The steady light of an orbiting satellite appeared, gliding towards the near horizon. The satellites of distant populations remained at their control, with little call to pass through English sky. The satellite he saw was probably launched long ago at Europe’s behest: blasted in a rocket into atmosphere. It might reflect television or telephone if there were anything to send. It might collect and transmit data for weather forecasts that nobody would make.

Trekking around the Earth in its long rhythm, the light cast made Brandon smile, for the short time the satellite passed by. Beyond a rooftop, the satellite disappeared from view. The heavens were emptier than they’d been before it came.

Its orbit would decline and someday end, burning apart. No merchandise that human beings had made would last forever, and a time would come that Brandon would no longer see satellites above. There would be only persevering planets, stars, and phases of the moon: forever every moment. From the vantage of the stars, one man was very small among the grooves and ruts of earth.

Comets would return, in orbits some longer than human lives, shining between the stars as they passed close to Earth. Men and women didn’t make what they recognised and mapped among the skies. In another era of a science, astronomers might again recognise the images from old tapestries and name the comets in their honour. The names that later eras gave patterns in the sky mightn’t be the names that Brandon knew.

His life and solitude were those of the last Englishman born in Darlington. There was no answer as to why little he was alive. His might be aged England’s final family, but nothing more or less was special about his parents’ only child.

If Brandon were to choose the only Englishman, then he would not have chosen him. He’d been neither the most brilliant nor diligent. He’d not been the strongest, fastest, or most agile. He’d not been anybody’s hero, even if his parents thought so well of him. His life would not make him a hero for ordinary men were not heroic, except that Brandon’s parents had been heroic for bearing him.

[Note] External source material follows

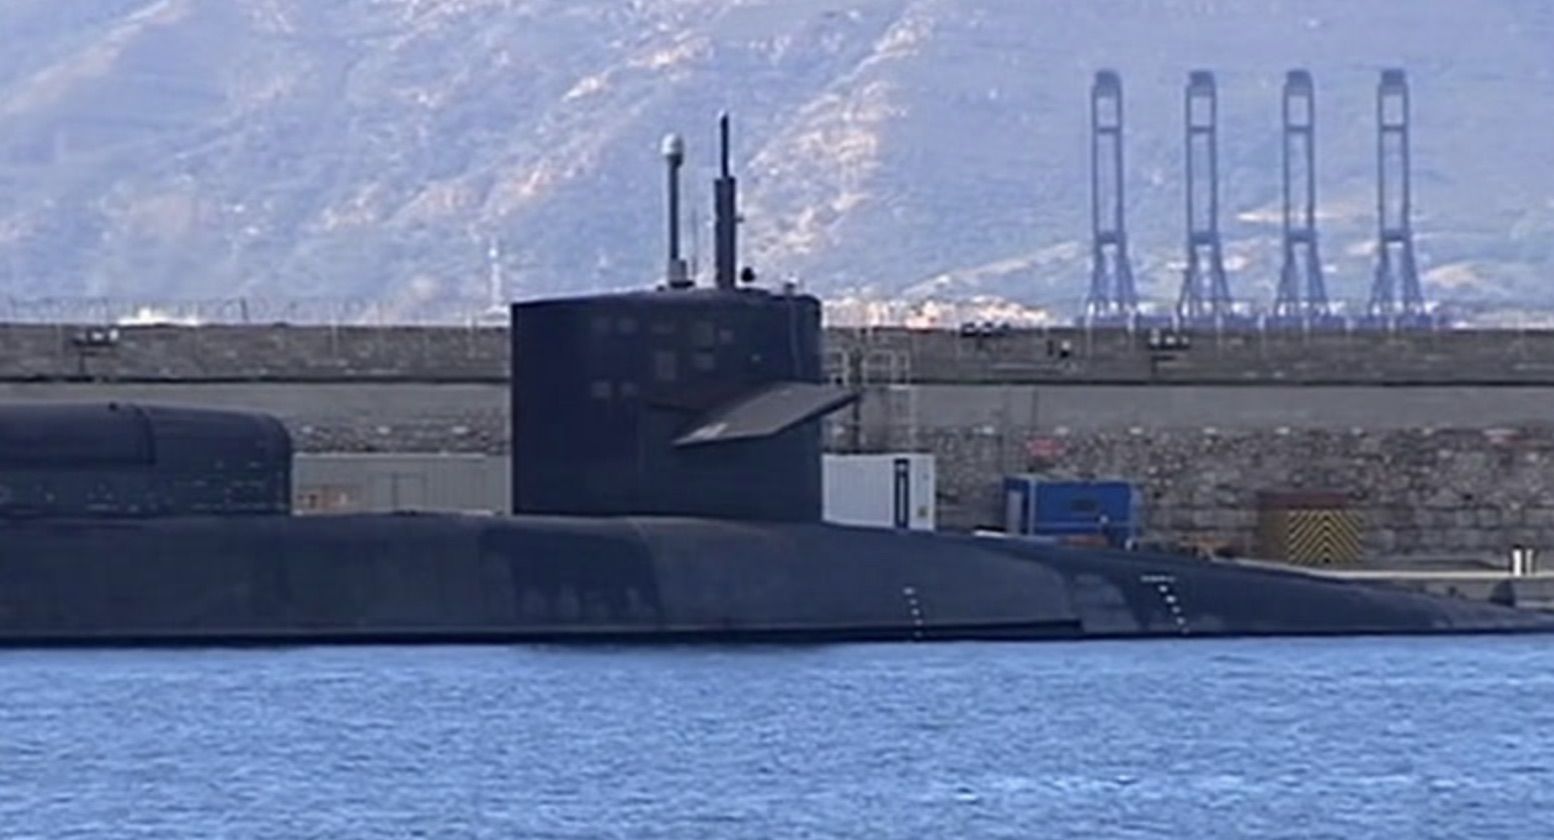 Submarino nuclear en la base militar de Gibraltar. IMAGEN: CANAL SUR

Trying to fathom why he was born was too draining an indulgence. The converse was no less problematical: why his generation was so few. If there’d been reasons, then he wasn’t smart enough to notice.

Brandon had no more reason to be born than other English people of whom he’d been a part, but England’s older children aged. Older people usually died before younger people did. His fortune was to have survived thus far by the chance of being the last one left in line, but he too would grow old. He didn’t know how good or bad the fortunes his could be, undeserved on him. Such was his fate, that lonely astronaut in an English market town.

His parents were closer than childless Europeans to immortality, but still they died. They would die again if Brandon died, as everybody died, without a child to bury him or mourn him. Deferring England’s death only until then, whittled down to one poor person, England would be dead when the last Englishman was dead.

If England was dead, time was burying her. The grave that England made might be all to endure.